Keywords: Hodgkin’s disease, Chemotherapy, Ovarian tissue cryopreservation, GnRH-a, Ovarian reserve
Introduction
Hodgkin’s disease (HD) is the most common malignancy among individuals aged 15–24 years. A prolonged survival rate of >80% is now expected for a high proportion of young patients treated with cytotoxic chemotherapy [1]. The ABVD (Adriamycin, bleomycin, vinblastine, dacarbazine) regimen is currently regarded as the modern therapeutic “gold standard”. It has more anti-tumor activity than the MOPP (mechlorethamine, vincristine, procarbazine, prednisolone) regimen [2]. Furthermore, ABVD is less sterilizing and less leukemogenic, since it does not contain alkylating agents or procarbazine as does the MOPP protocol. Gonadal toxicity is among the long-term sequelae of chemotherapy or radiotherapy. It has been reported that the chances of maintaining gonadal function following combined modality treatment are significantly greater among girls than boys [2]. Because dividing cells at rest are more resistant to chemotherapy, it has been suggested that inhibition of the hypothalamic pituitary axis would reduce the rate of oogenesis. This can be achieved by using gonadotropin-releasing hormone agonist (GnRH-a), which reduces the number of vulnerable cells in mitosis and temporarily creates a prepubertal milieu in women before and during the chemotherapeutic insult. Blumenfeld and Haim [3] reported that co-treatment with GnRH-a significantly reduced the rate of premature ovarian failure from 55% to 5% (P < 0.01). These findings were challenged by the only published prospective study [4] whose results showed no such benefit. Furthermore, primordial follicles lack gonadotropin receptors [5]. The results obtained in animals have been conflicting [6].

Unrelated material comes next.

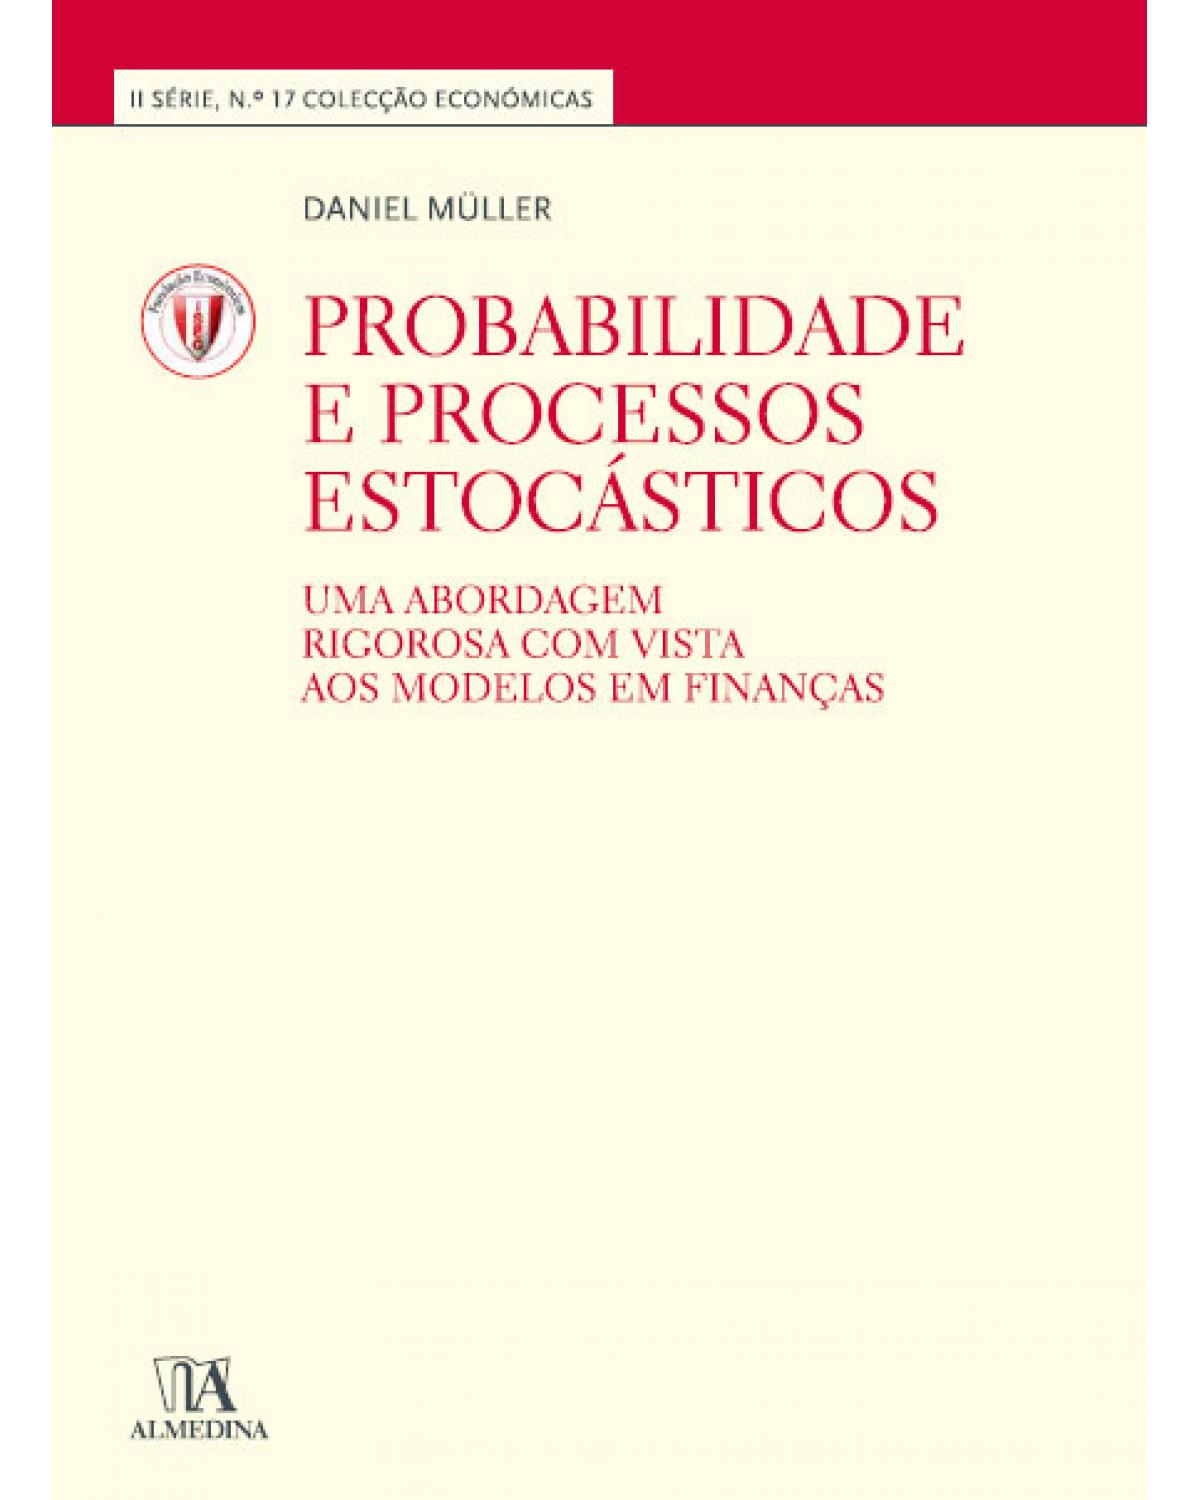 Probabilidade e processos estocásticos - Volume 17: uma abordagem rigorosa com vista aos modelos em finanças - 1ª Edição | 2011

In addition to co-treatment with GnRH-a, the presently available options for preserving female fertility include ovarian transposition and oophoropexy [7], cryopreservation of mature M-II oocytes [8], embryo cryopreservation and ovarian tissue cryopreservation (OTCP) [9]. The last options are available for preservation of fertility in HD.
In many studies, resumption of the menstrual cycle was considered as being an indicator for assessing ovarian reserve. It had, however, been shown that the menstrual cycle alone is not an accurate tool [10]. Many other tests have also been suggested, among them basal follicle-stimulating hormone (FSH) and estradiol (E2), inhibin B, anti-Mullerian hormone (AMH), and antral follicle count. Further assessments include dynamic tests, among them the gonadotropin releasing hormone agonist test and the clomiphene citrate challenge test [11, 12]. Basal FSH levels >10 IU/L, E2 levels >80 pg/ml and a low antral follicle count indicate low ovarian reserve, but many studies showed a limited predictive value of these parameters [10].
AMH is a glycoprotein of the transforming growth factor-B super family. It is secreted by Sertoli cells in the early embryonic stage and inhibits the development of the Mullerian system. During the postnatal period, it is secreted by granulosa cells from preantral and antral follicles. Under the effect of AMH, those follicles become less sensitive to FSH and, consequently, fewer are recruited. Low levels of AMH indicate low ovarian reserve and they stay stable throughout the menstrual cycle [13–15].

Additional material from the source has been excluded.